W całym kraju zmniejszono wypłaty dla ponad 18 tys. pracowników. W niektórych miastach zniesiono badania medyczne i dentystyczne oraz zlikwidowano dojazd do szkół autobusami. W ten sposób pozbawiono możliwości korzystania z programu Head Start dzieci, których rodzice nie mają samochodów.
Fundusze, na ogólną kwotę 70 mld dol. wcześniej przeznaczane na ten program, zmniejszono o 5,3 procent. Największe straty poniesie Kalifornia, gdzie ponad 5,6 tys. dzieciom odmówiono udziału w programie. W Teksasie z programu usunięto ponad 4,4 tys. dzieci, a w Nowym Jorku blisko 3,9 tysiąca. Sekwestr wpłynął niekorzystnie również na mniejsze stany.
W Dakocie Północnej z programu odrzucono 194 dzieci, na Rhode Island 450, a na Hawajach 72.
Oprócz wpajania dzieciom nawyku nauki, Head Start zapewnia dwa gorące posiłki dziennie, dojazd do i ze szkoły oraz podstawową opiekę medyczną. Program był prawdziwą pomocą dla rodzin o niskich dochodach.
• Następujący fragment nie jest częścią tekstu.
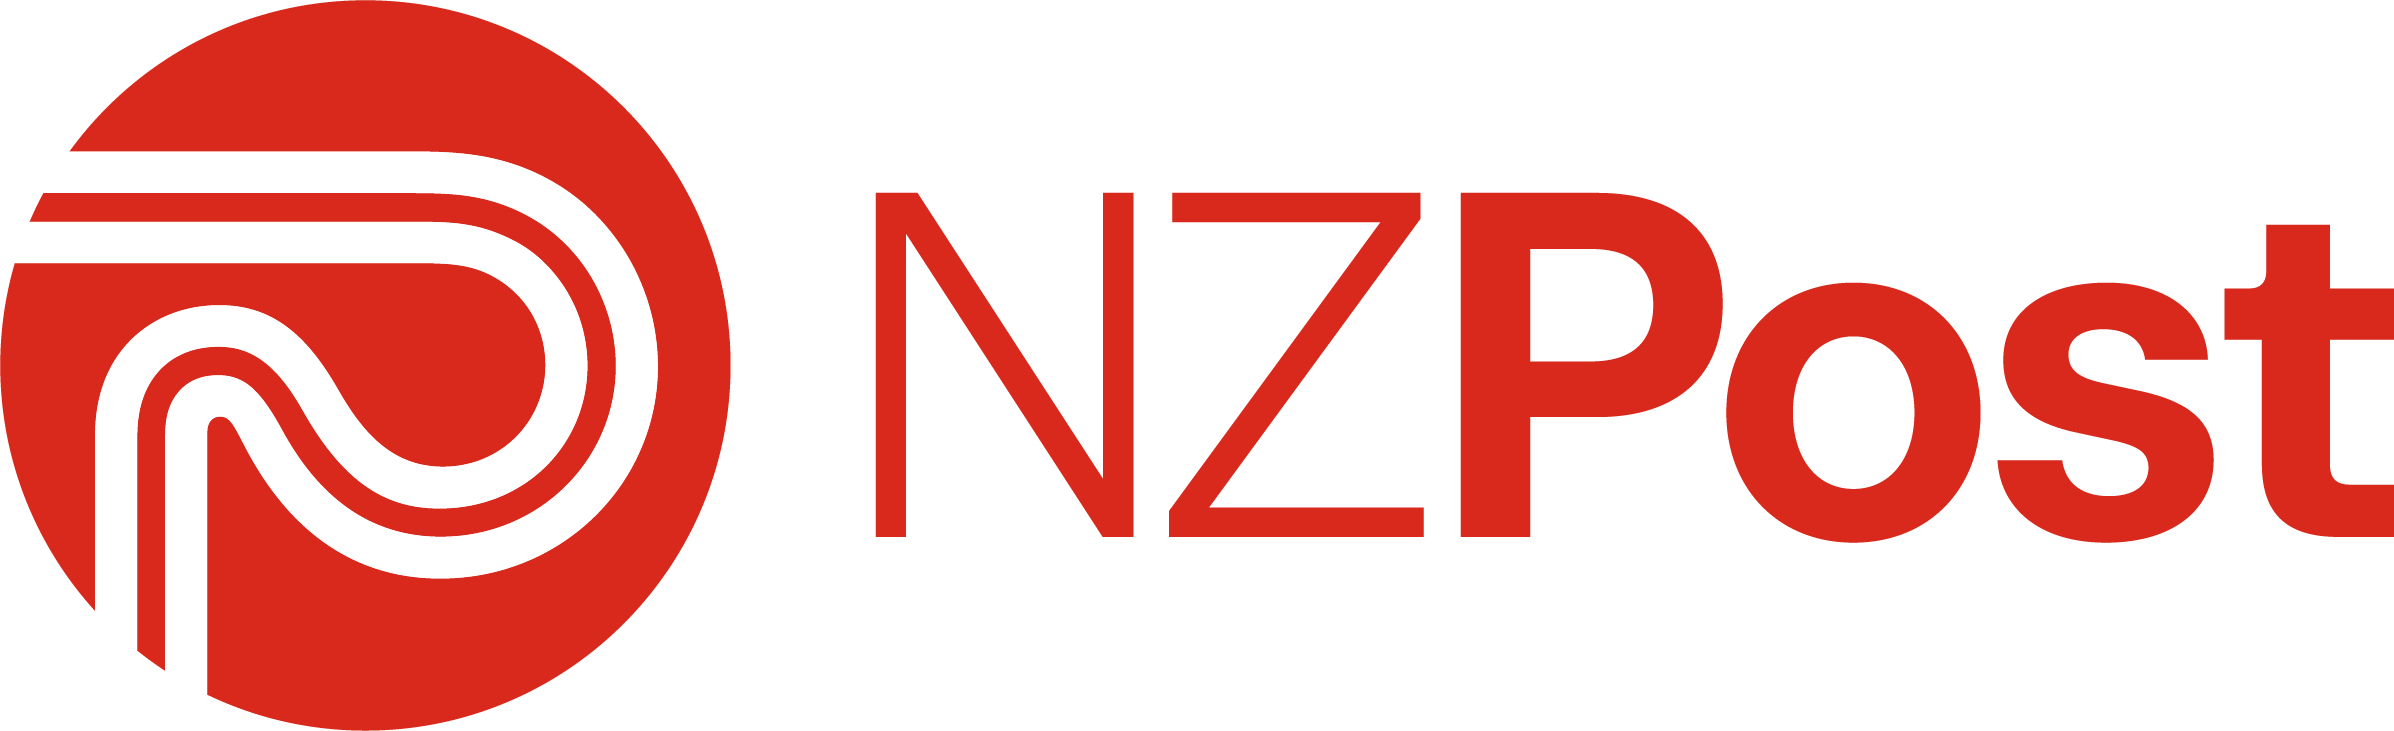 NZ Post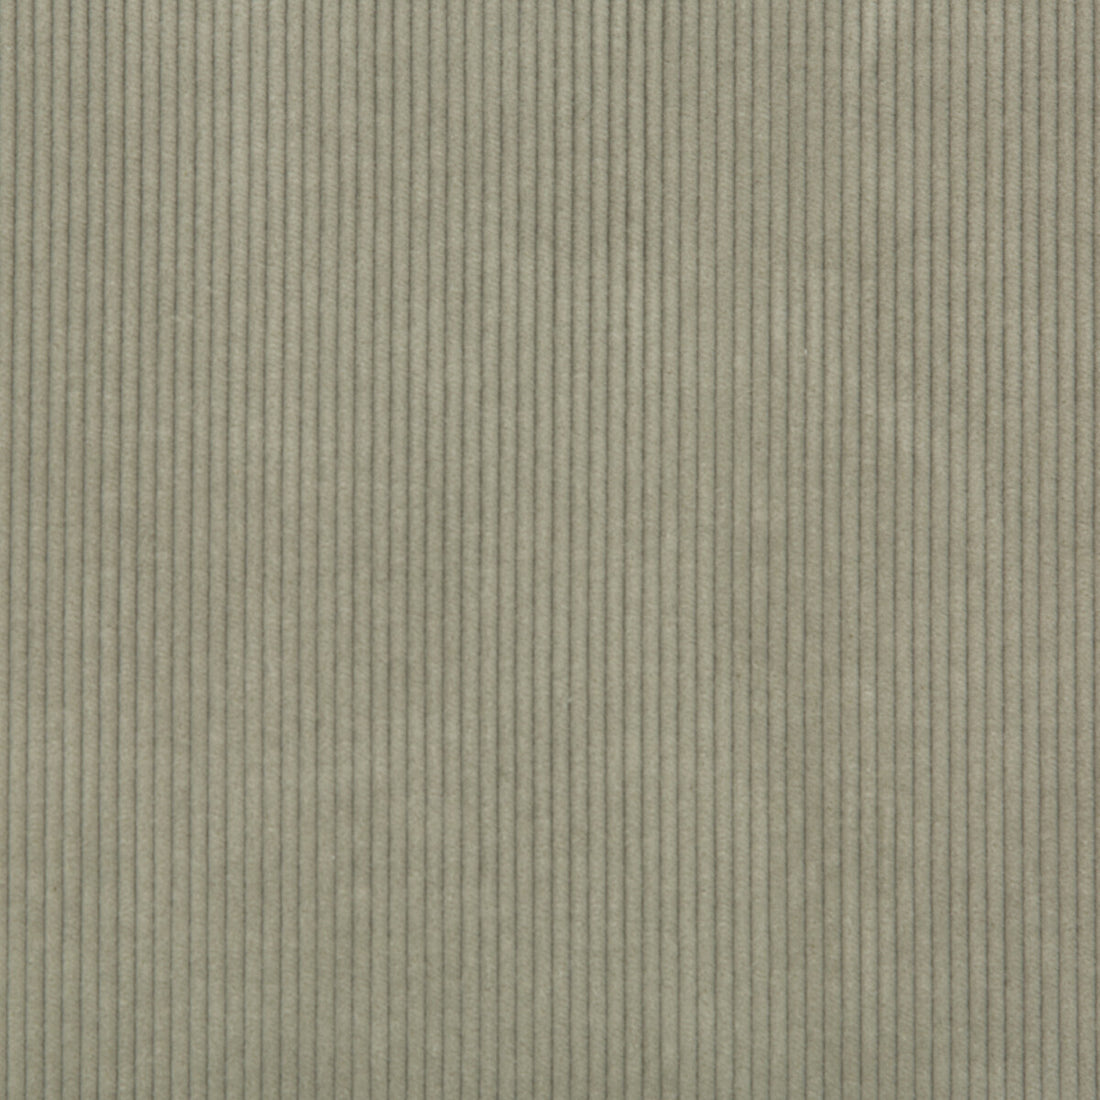 Saranac Cord fabric in celadon color - pattern 2017121.316.0 - by Lee Jofa

Wykluczał potrzebę szukania prywatnych opiekunek, na które zazwyczaj rodzicom brakuje pieniędzy.
Nie ma większych szans na odwołanie cięć. W zdominowanej przez republikanów Izbie Reprezentantów było bowiem zbyt wielu zwolenników całkowitego zlikwidowania programu Head Start.